Both approaches have advantages and disadvantages that we will look at.
# Examples
Lets look at a small example of how to use both crates. In both cases we want to write, and then read, a simple nested struct to/from a buffer:
use scroll::{IOwrite, Pread, Pwrite, SizeWith};
use zerocopy::{AsBytes, FromBytes, LayoutVerified};
#[repr(C)]
#[derive(Copy, Clone, Debug, PartialEq, AsBytes, FromBytes, Pread, Pwrite, IOwrite, SizeWith)]
struct MyNestedPodStruct {
a: u32,
b: u16,
_pad: u16,
}
#[repr(C)]
#[derive(Copy, Clone, Debug, PartialEq, AsBytes, FromBytes, Pread, Pwrite, IOwrite, SizeWith)]
struct MyPodStruct {
nested: MyNestedPodStruct,
c: u64,
}
This is already a mouthful. My structs are #[repr(C)]
so that I have full
control over their memory layout. zerocopy
also has the additional requirement
that one has to be explicit about padding, in between members, or at the end.
A #[reps(packed)]
annotation would avoid the need for that, at a cost that we
will discuss soon.
zerocopy
requires us to derive the AsBytes
and FromBytes
traits, that as
their name makes clear allows us to read a struct from raw bytes, or interpret
it as raw bytes that we can write.
scroll
on the other hand has a bunch of traits that we can derive. Pread
,
Pwrite
to read and write respectively, IOWrite
to be able to write a
struct to a std::io::Write
stream, and SizeWith
for structs that have a
fixed size that does not depend on any Context
, more on that later.
Lets define a few instances of our struct we want to write and then read back:
let structs: &[MyPodStruct] = &[
MyPodStruct {
nested: MyNestedPodStruct {
a: 1,
b: 1,
_pad: 0,
},
c: 1,
},
MyPodStruct {
nested: MyNestedPodStruct {
a: 2,
b: 2,
_pad: 0,
},
c: 2,
},
];
zerocopy
lets us turn this whole slice into a &[u8]
which we can then
copy around or write as we see fit:
let mut buf = Vec::new();
buf.write_all(structs.as_bytes())?;
For reading, there is a wide range of options. You can read/cast an exactly-sized
buffer, a prefix or a suffix. You can specifically chose to read unaligned
.
All these different methods are implemented as constructors of the
LayoutVerified
struct, which can then be turned into a reference or a slice.

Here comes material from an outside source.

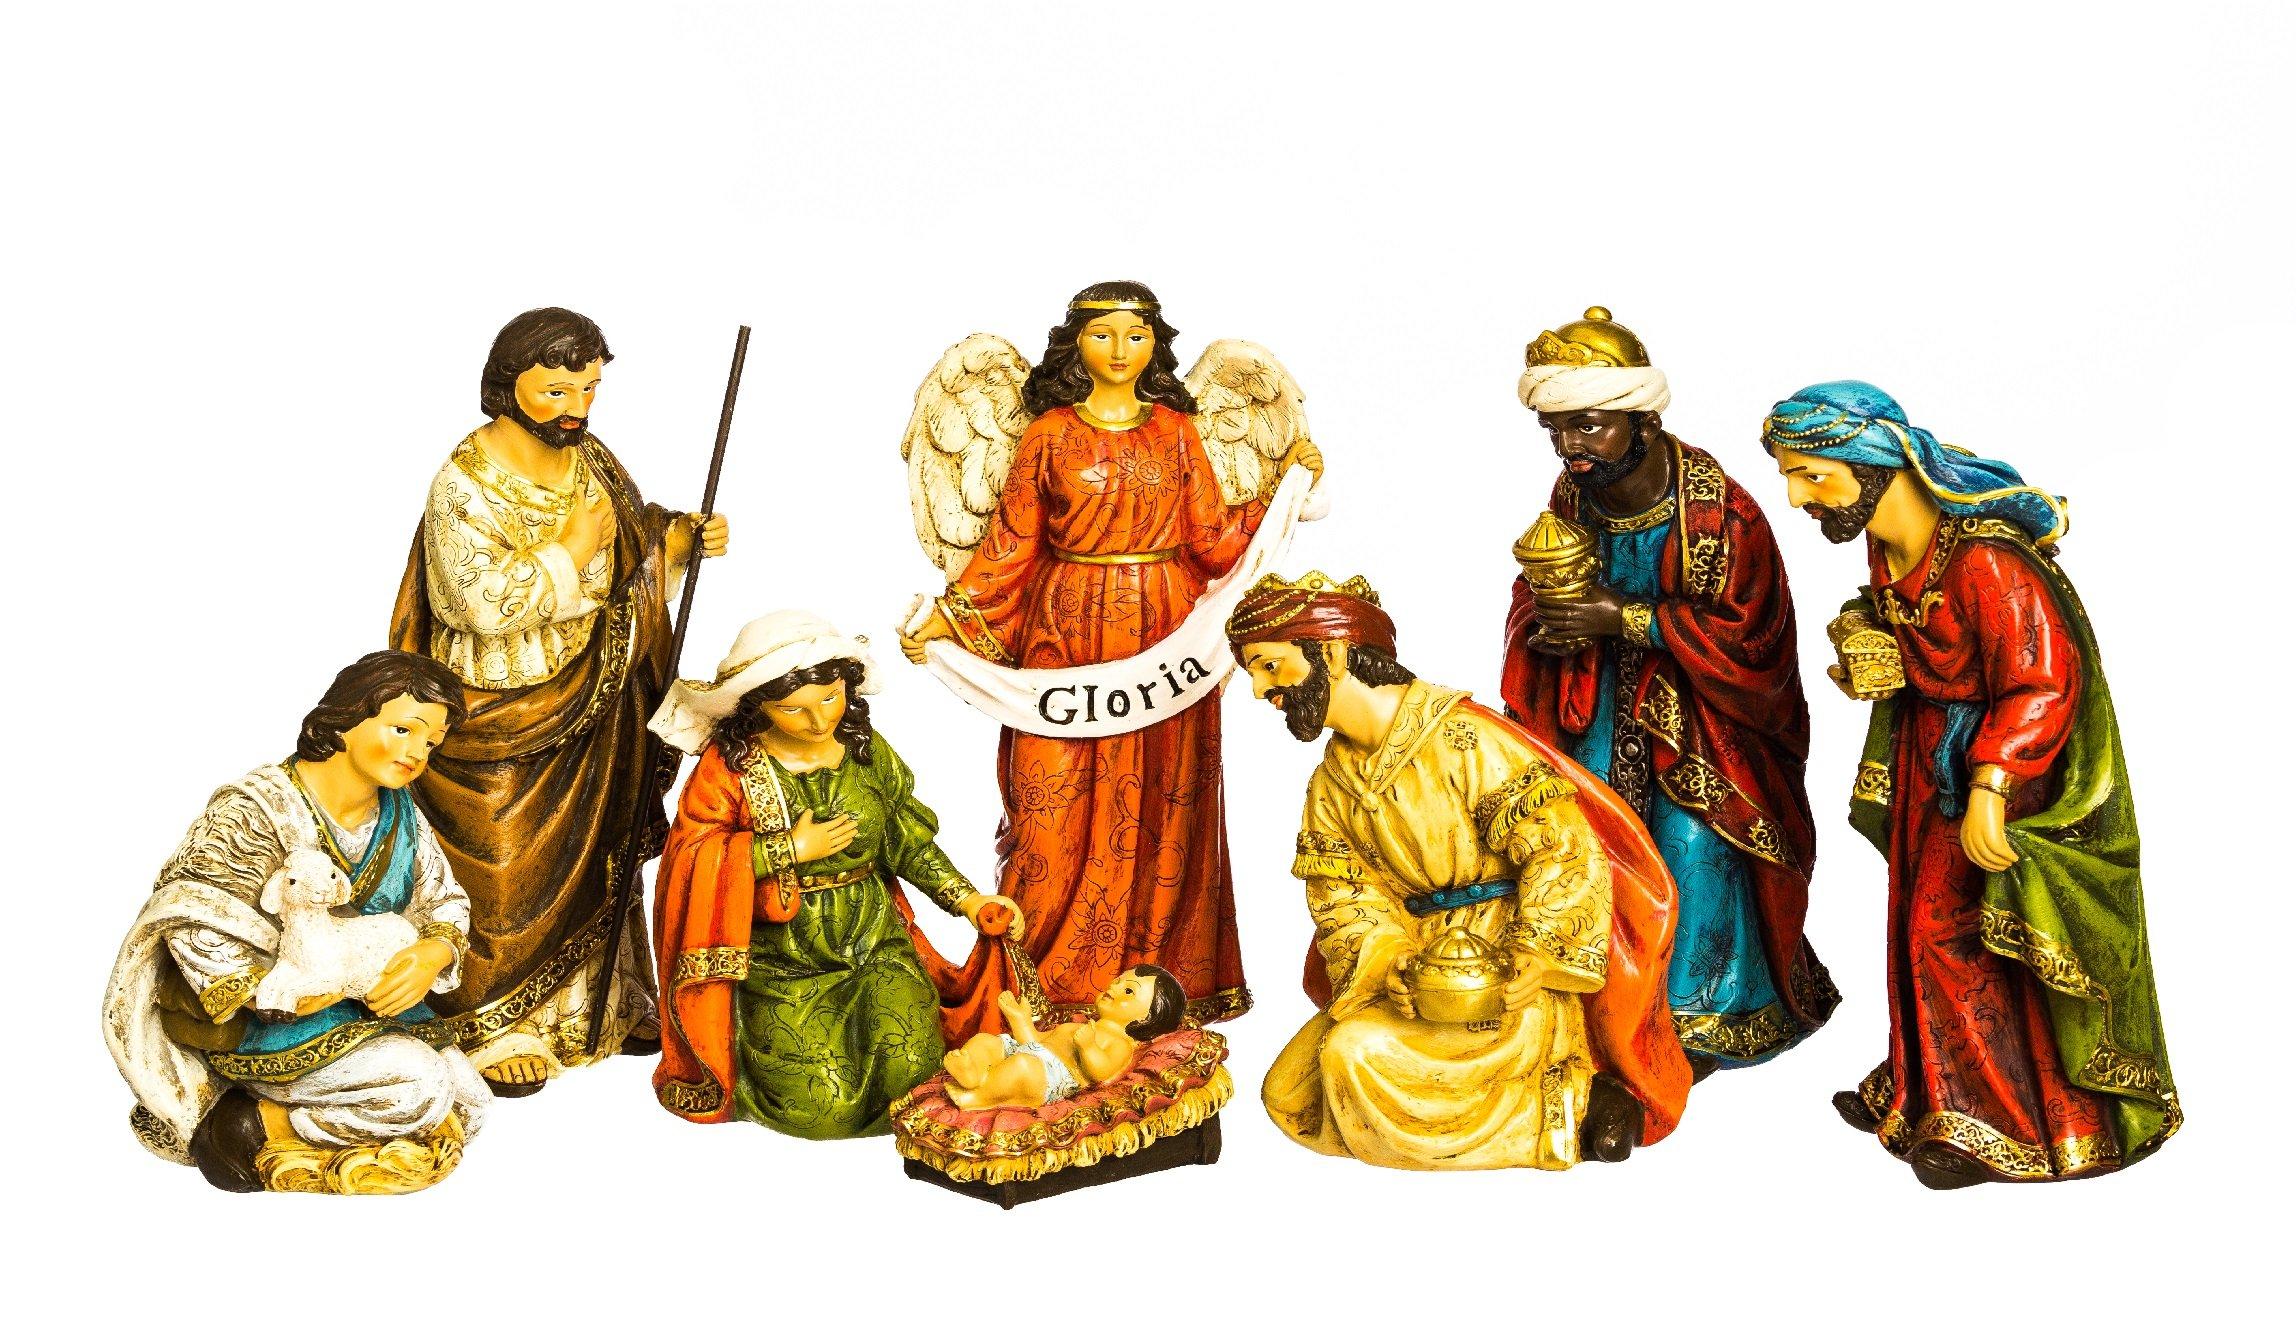 Evergreen 8-Piece Gloria Golden Flourish Outdoor-Safe Nativity Set by Evergreen Flag & Garden

Here is an example of how to get a single struct or the whole slice from our buffer:
let lv = LayoutVerified::<_, [MyPodStruct]>::new_slice(buf).unwrap();
let parsed_slice = parsed_slice.into_slice();
assert_eq!(structs, parsed_slice);
let (lv, _rest) = LayoutVerified::<_, MyPodStruct>::new_from_prefix(buf).unwrap();
let parsed_one = lv.into_ref();
assert_eq!(&structs[0], parsed_one);
One thing to note here is that we have to provide explicit type annotations, as for some reason the compiler is not able to infer it automatically.
As far as I know, scroll
on the other hand does not allow to directly write
either a slice, or a reference. That is the reason why I derived Copy
and by
extension Clone
for our structs above.
Please reach out to me and prove me wrong here.
We thus write owned copies one by one here:
let mut buf = Vec::new();
for s in structs {
buf.iowrite(*s)?;
}
Parsing also does not work for a whole slice as far as I know (please prove me wrong),
and as scroll
is not zero-copy, we have to collect parsed structs into a
Vec
manually:
let offset = &mut 0;
let mut parsed = Vec::new();
while *offset < buf.len() {
parsed.push(buf.gread::<MyPodStruct>(offset).unwrap());
}
assert_eq!(structs, parsed);
# Why this matters
When parsing binary files, we want that parsing to be as fast as possible, we also want to allocate / copy as little memory as possible.
The zerocopy
crate truely is zero-copy. It does a fixed number of pointer
arithmetic (essentially an alignment check, and bounds check) to verify the
layout of our buffer. I guess that’s why its main type is called LayoutVerified
.
scroll
on the other hand parses each struct (in fact, each member) one by
one and copied them into a Vec
that needs to be allocated. It is thus a lot
more expensive. You don’t necessarily need to parse and collect everything.
You can parse structs on demand. And if your structs have a fixed size
(we derived SizeWith
), you can skip ahead in the source buffer to do some
random access.
# Endianness and other Context
Which approach is better is, as always, a matter of tradeoffs.
zerocopy
is the better choice if all your raw data structures have a fixed
size and endianness. scroll
is the better choice if your data structures have
a variable size, or you want to parse files with dynamic endianness.
scroll
calls this Context
, and there is a
complete example
how to create a custom parser that is aware of both endianness and the size of
certain fields.
While scroll
supports endianness aware parsing based on a runtime context,
zerocopy
is very different here. It supports types that are byteorder aware,
but their byteorder is fixed at compile time. A zerocopy
U64<LE>
is
statically typed, and its get
method is optimized at compile to only read LE
data.
# Making zero-copy context-aware
With that zerocopy
limitation, I thought is was a fun exercise to make it
somehow handle formats of all kinds of endianness and field sizes at runtime.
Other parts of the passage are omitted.